- [Problem]: Copy each line below exactly and leave the pictures out.

*** Input data

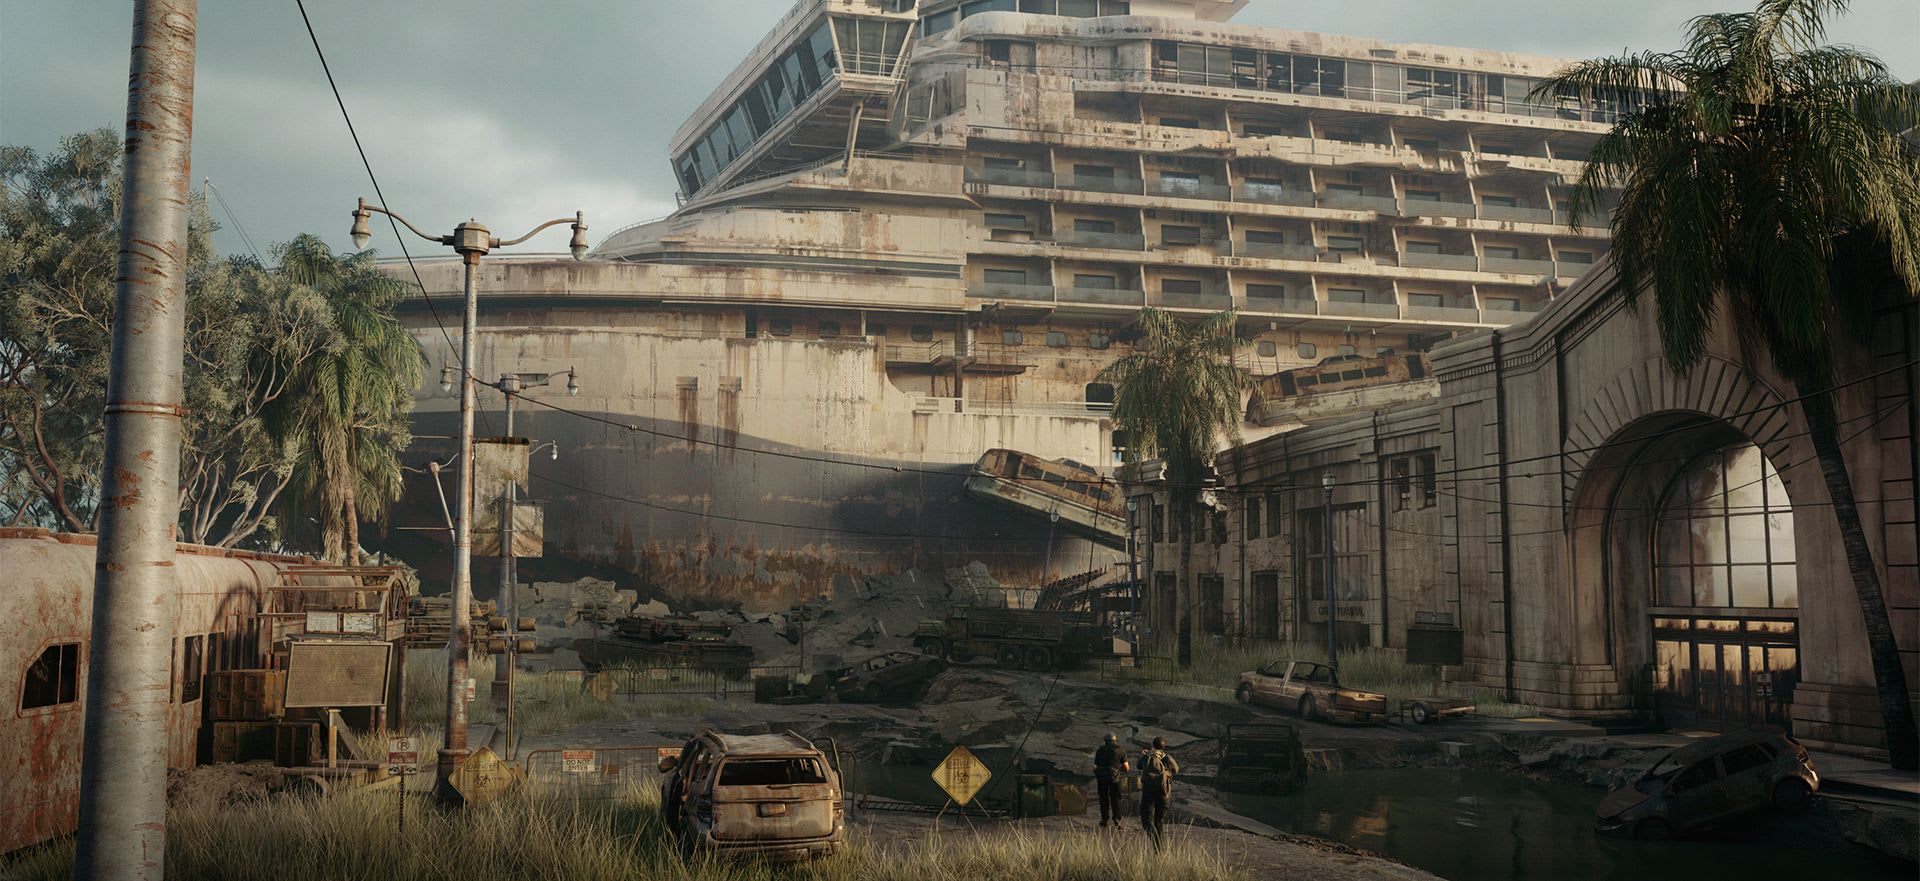 První snímek chystané multiplayerové hry The Last of Us
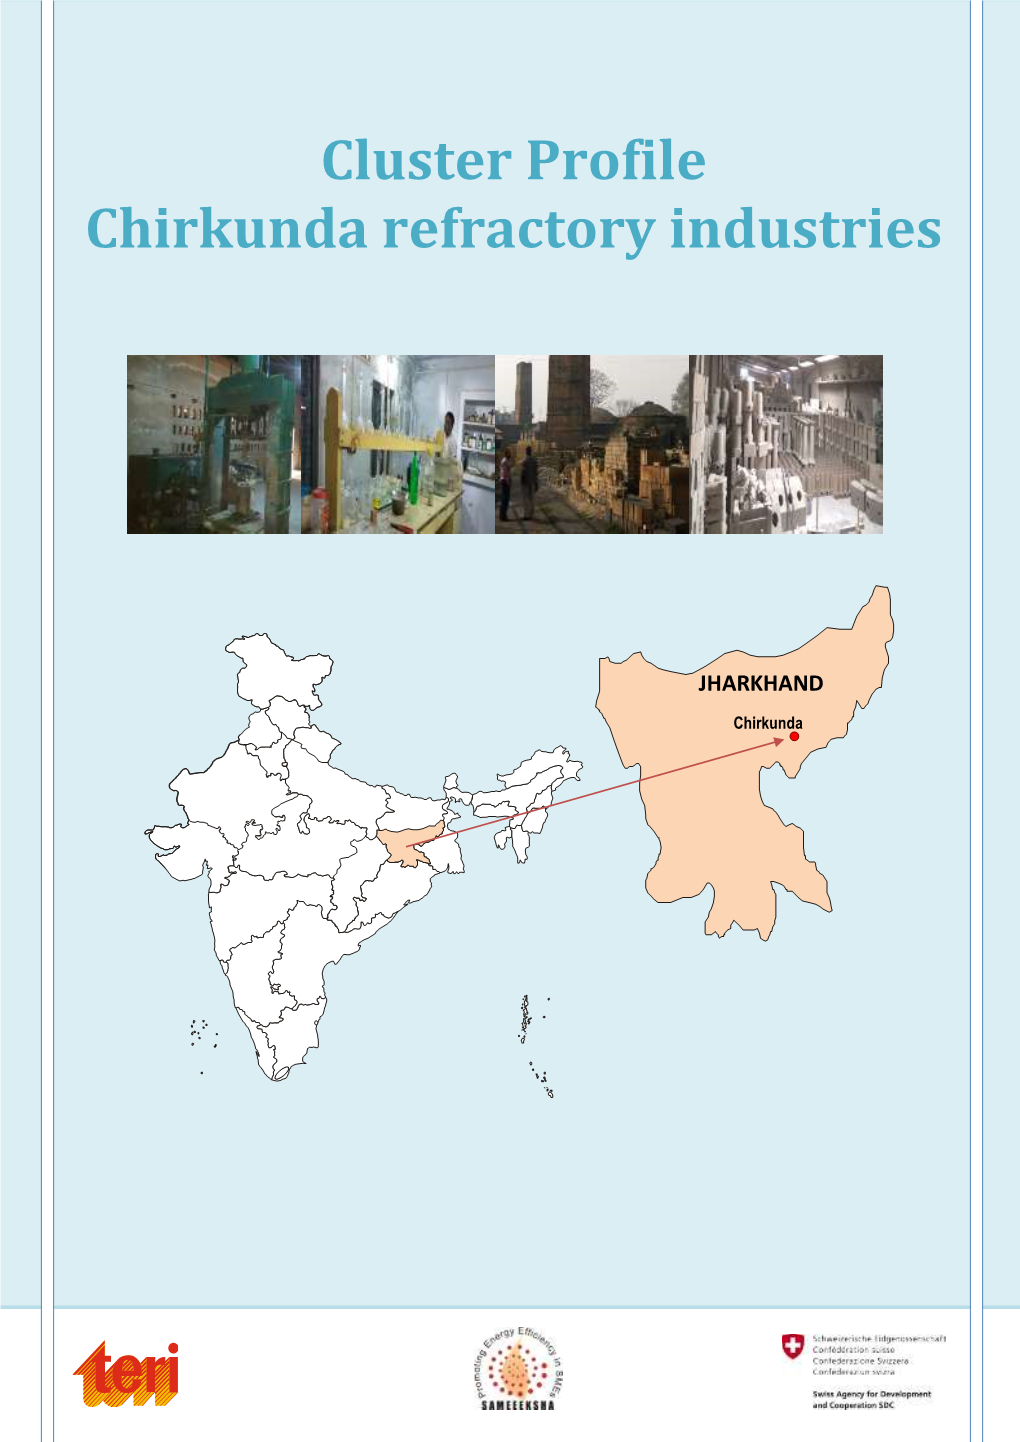 Chirkunda Refractory Industries
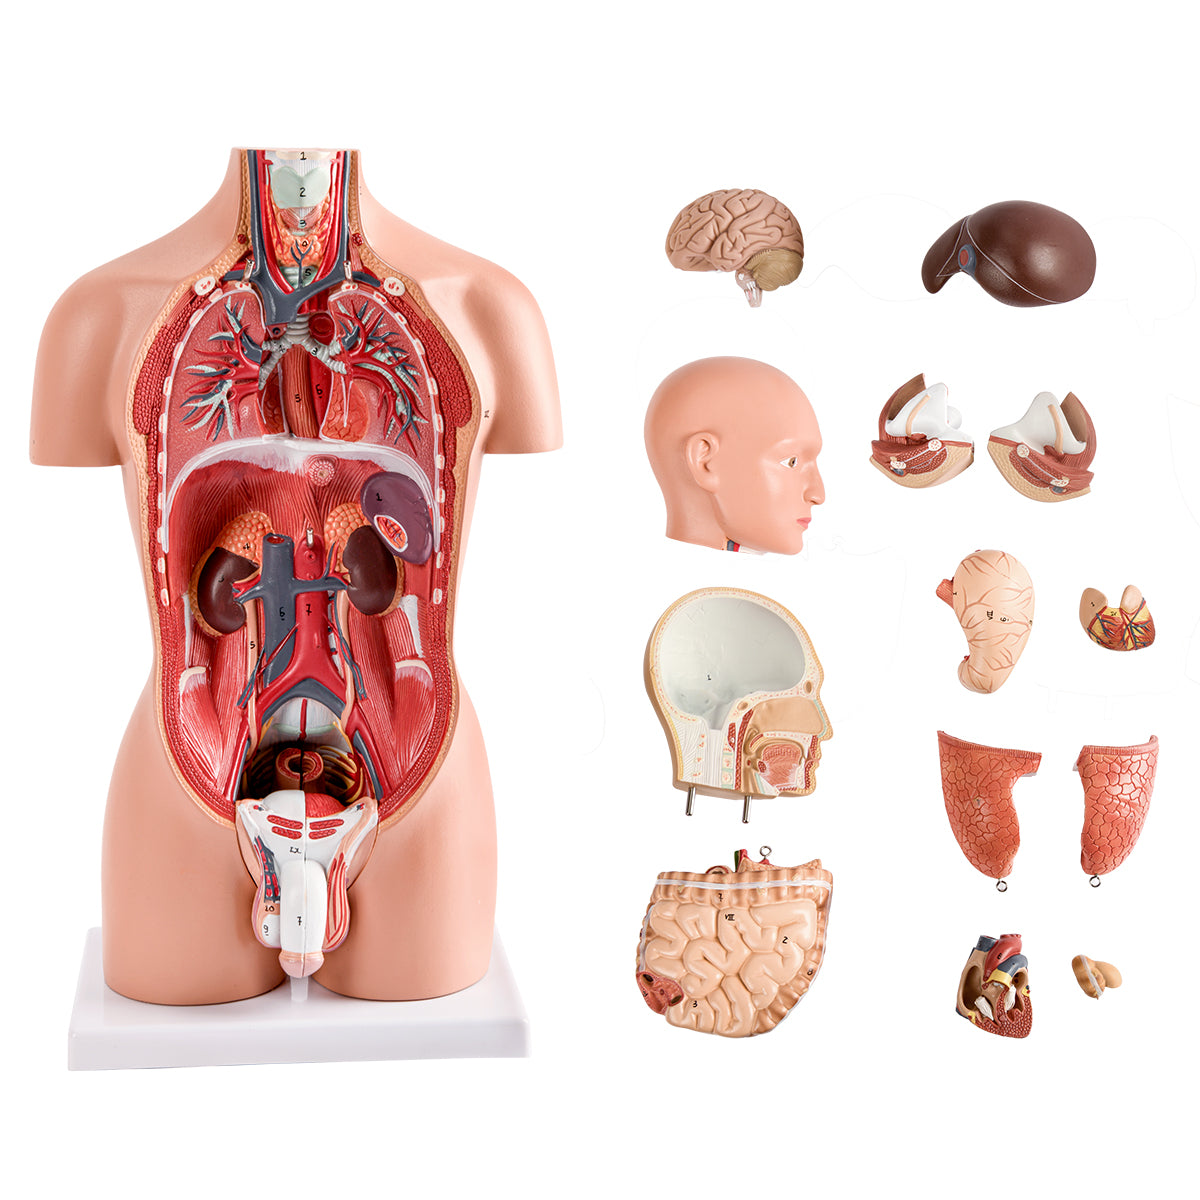 Evotech Scientific Half Size Human Torso Model Dual-Sex W/ Removable Organs, 50 cm, 16 Parts

******

- [Reply]:
 První snímek chystané multiplayerové hry The Last of Us
 Chirkunda Refractory Industries
 Evotech Scientific Half Size Human Torso Model Dual-Sex W/ Removable Organs, 50 cm, 16 Parts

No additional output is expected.